While many may hear a sad song about homelessness and tragedy, I hear a song about a woman may not have ended up with the ideal fairytale ending, but did, indeed, accomplish what she set out to — to get away, to become, and to stand on her own two feet, to be the parent to her children that she didn’t have, and to emulate the fortitude of character to rise to meet life’s adversities and heartbreaks rather than succumb to them.
And it turns out that from the outset, she didn’t need her partner, or their Fast Car, to do so.
Meanwhile, no 21st century-manufactured-controversy is complete without an academic’s touch.
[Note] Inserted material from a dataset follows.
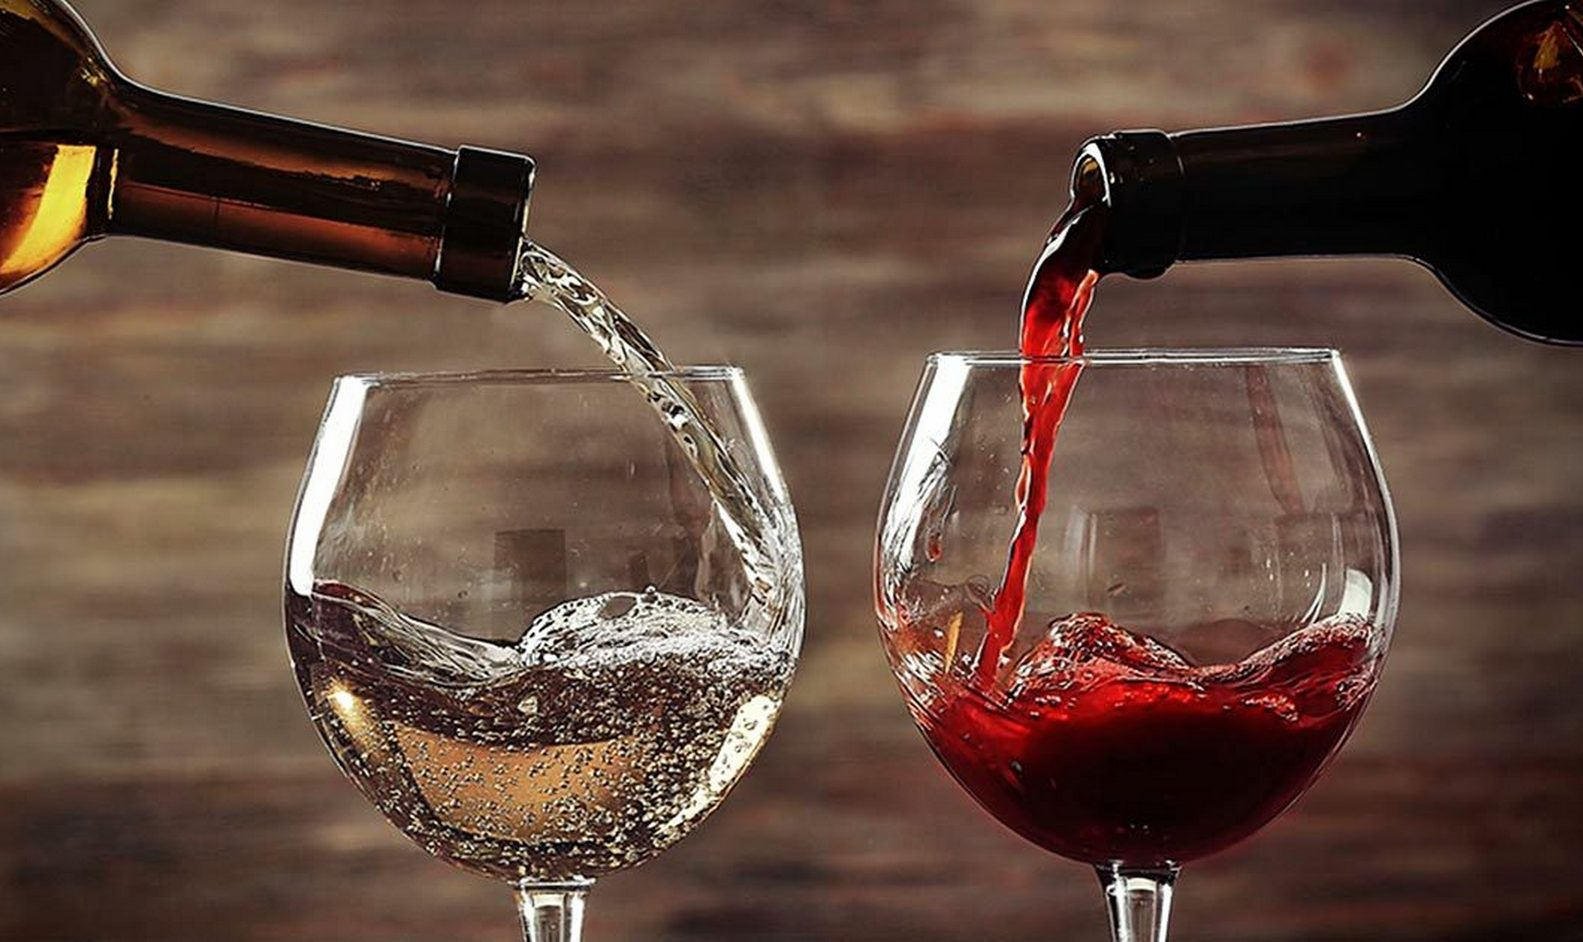 Правило 20/20: експерт з алкоголю поділилася цікавим трюком для вина
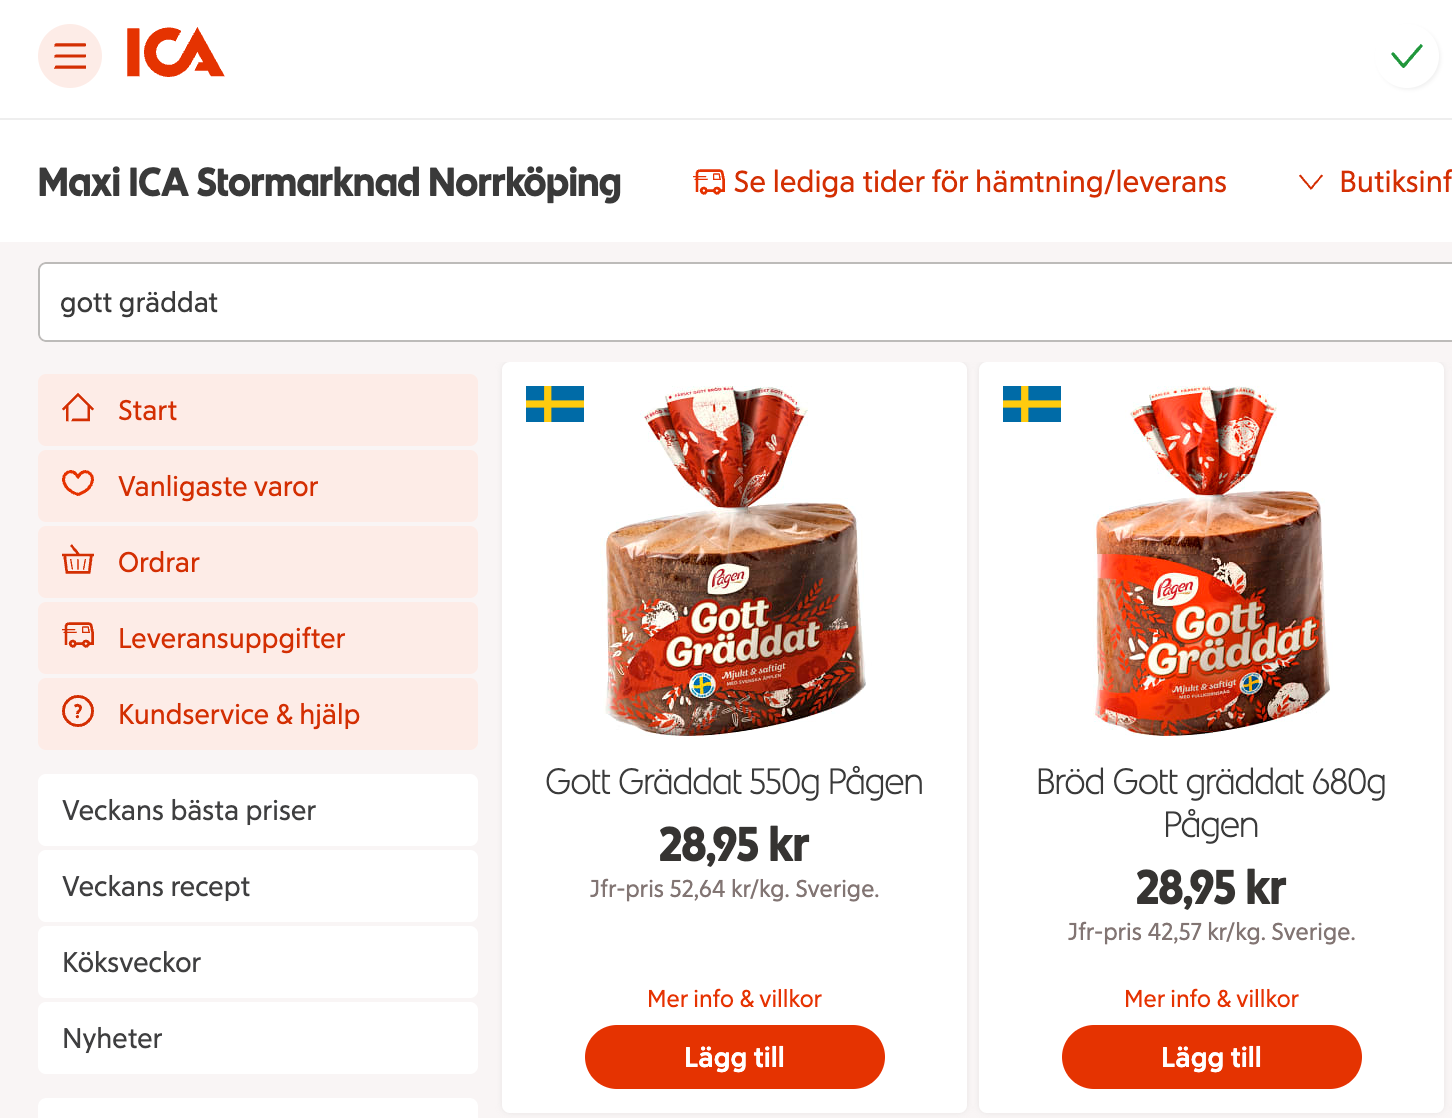 På torsdagen den 29 september sålde Maxi Ica Stormarknad i Norrköping båda förpackningarna – till samma pris.

Widener University’s African American studies coordinator, Richard Cooper, says that these types of conversations are a good thing:
“These kinds of debates, I think, are great because they give an opportunity to raise the larger questions about the fact that, in terms of airplay on largely country stations, you’re not going to see Black women — Black queer women — get that kind of exposure or airplay had they released just the original song. So these conversations are important to have.
Not only does Cooper miss the fact that Chapman didn’t consider herself a country artist then, nor does she now — but he joins the many who argue that black artists haven’t been able to rise to prominence in the genre — and it is in that very argument that they make it clear they haven’t been paying attention to country music of yesterday or today, where greats like Charlie Pride, Lesley Riddle, and even Ray Charles fused country, soul, and blues, and paved the way for those who follow in their footsteps today, such as Kane Brown, Joy Oladokun, The War & Treaty, and Lil Nas X, who all have their own approach to fusing country with other contemporary popular genres.
Having said that, Cooper’s analysis highlights the foundation of our culture today — one that looks for the -isms in the art, and finds them — and then argues that the entire point of the art was the -ism in the first place. And herein we find the Hellscape of our modern era — where art exists solely as a representation of politics, and that debates is the crux of progress.
Meanwhile, Chapman’s position has remained steadfast in her quiet yet resolute disposition, saying nothing more since her July statement to Billboard — until last night at the Grammy’s, where she showed all of us what it means to take a stand without saying a word — but instead, singing her song on stage — doing so with Combs himself, whose admiration for one of his musical heroes was evident all throughout while he looked across the stage, and Chapman, in return, looked back at him and beamed with that extraordinarily kind, gracious smile of hers.
After my husband and I watched their performance, I said to him, “Wow — my god, her voice is still rock solid,” and he responded with, “Yeah, it is — but only now, she sounds more like Tracy Chapman now than she did then.”
Maybe that’s what is supposed to happen — maybe, as we get older, we’re supposed to sound more like ourselves. Maybe the point all along is to become even greater than what our younger selves could imagine they would be while they were working to become us.
And perhaps the remedy our country needs to heal our cultural ailment isn’t more debate — maybe, instead, what we need is for a “black queer woman” and “white cis country boy” to stand on the Grammy stage and sing us a story about beating the odds.
Maybe then, we can once again learn how to do so, too.